Licensing exam for journalists: Some countries have and some don’t
Bhrikuti Rai / August 15, 2016
Press Council Nepal’s (PCN) recent proposal to conduct licensing exam for journalists has led to a huge debate on social media, with some supporting and others opposing the idea.
Those involved in making the recommendation in a PCN report have been defending the idea saying several countries require journalists to undergo licensing tests.
South Asia Check has examined whether other countries also have such provision for journalists and sought help from fact checkers and journalists from several countries.

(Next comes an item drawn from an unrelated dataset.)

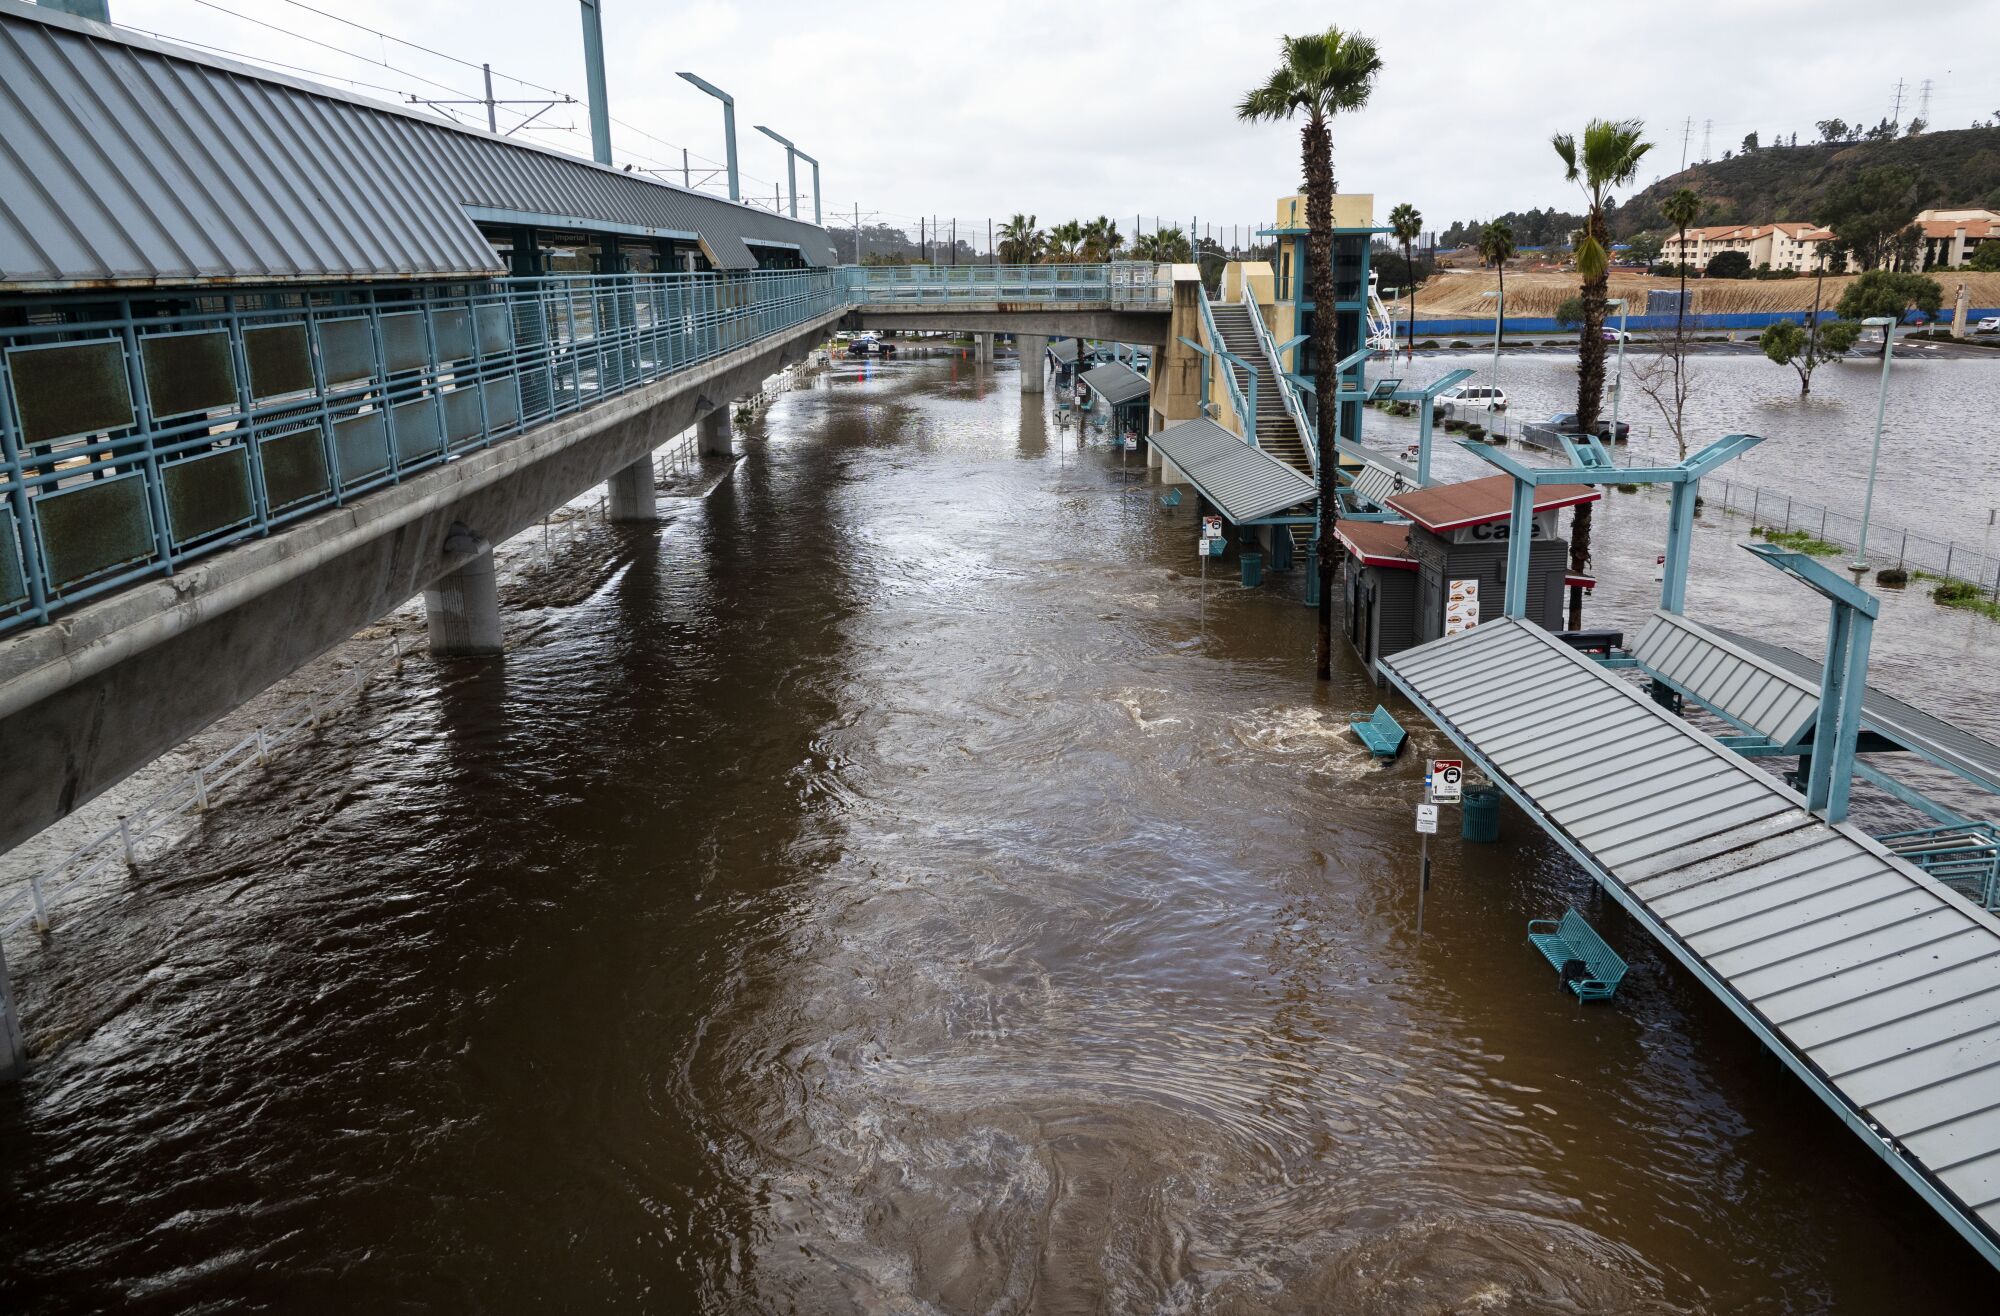 The Fashion Valley Transit Center was flooded near the swollen San Diego River in 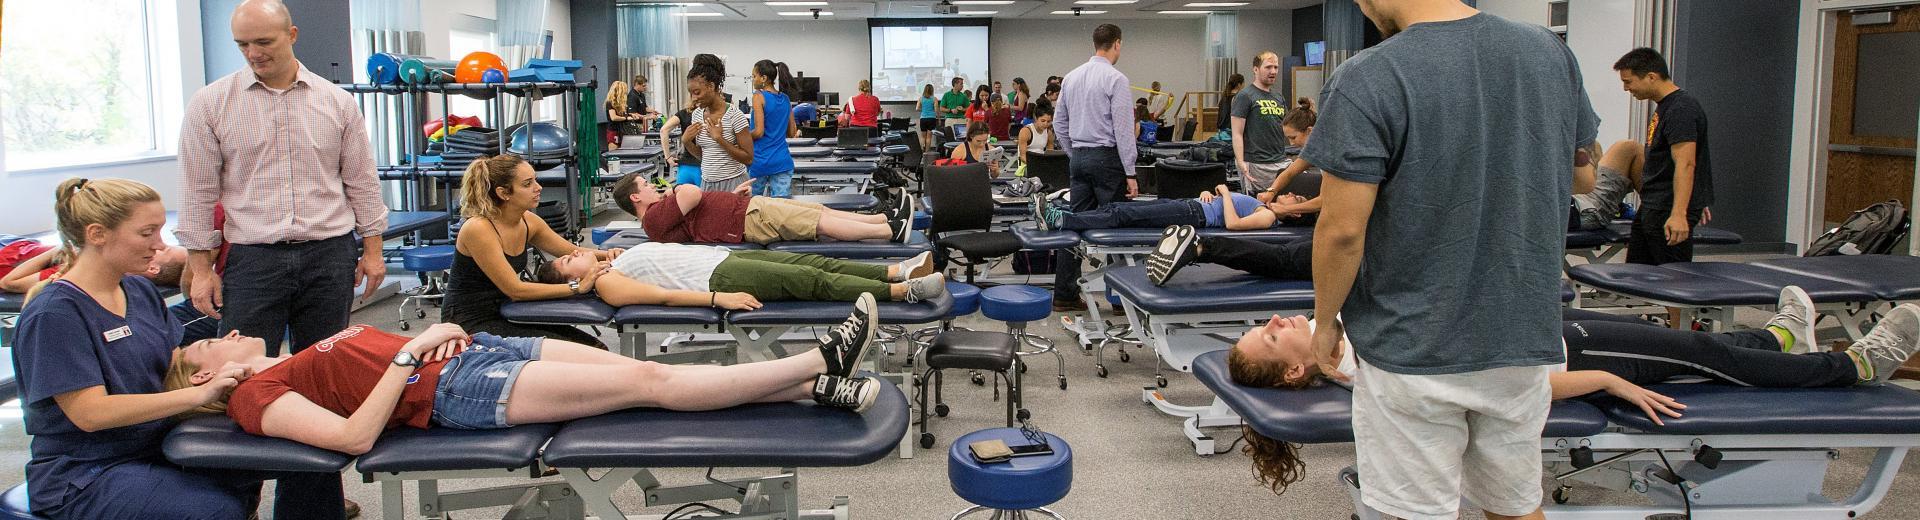 Physical therapy students practicing on patients

In South Asia, none of the countries including India, Pakistan, Bangladesh, Sri Lanka and Bhutan have licensing exams for journalists. In India, in 2013 a sitting minister had “proposed a common examination for journalists to qualify them for a reporter’s license” but that idea never took off. However, the Supreme Court of India has set out strict requirements for journalists covering the country’s top court including a law degree and several years of court reporting.
In the US, there is no provision for mandatory licensing exam for journalists, but a recent studyhttp://www.dmlp.org/credentials/ titled “Who gets a press pass? Media Credentialing Practice in the Unites States” shows that it is difficult to acquire press pass.
In the UK too, exams aren’t mandatory for aspiring journalists. While some media houses prefer journalists trained from the National Council for the Training of Journalists (NCTJ), it isn’t compulsory for journalists to receive training at NCTJ.
Unlike several countries in Europe, Italy requires aspiring journalists to go through 18 months of internship followed by a written and oral test before they can become a member of Order of Journalists and start working as full time professional journalists. However, in recent years following the economic slump, many newsrooms haven’t made it mandatory for journalists to go through the lengthy process.
While there is no mandatory exam for journalists in Ecuador in South America, there is a regulation that requires journalists from traditional media (TV, radio, newspaper) to have a degree in journalism. Other countries like South Africa, Singapore and Malaysia also don’t have licensing exam for journalists.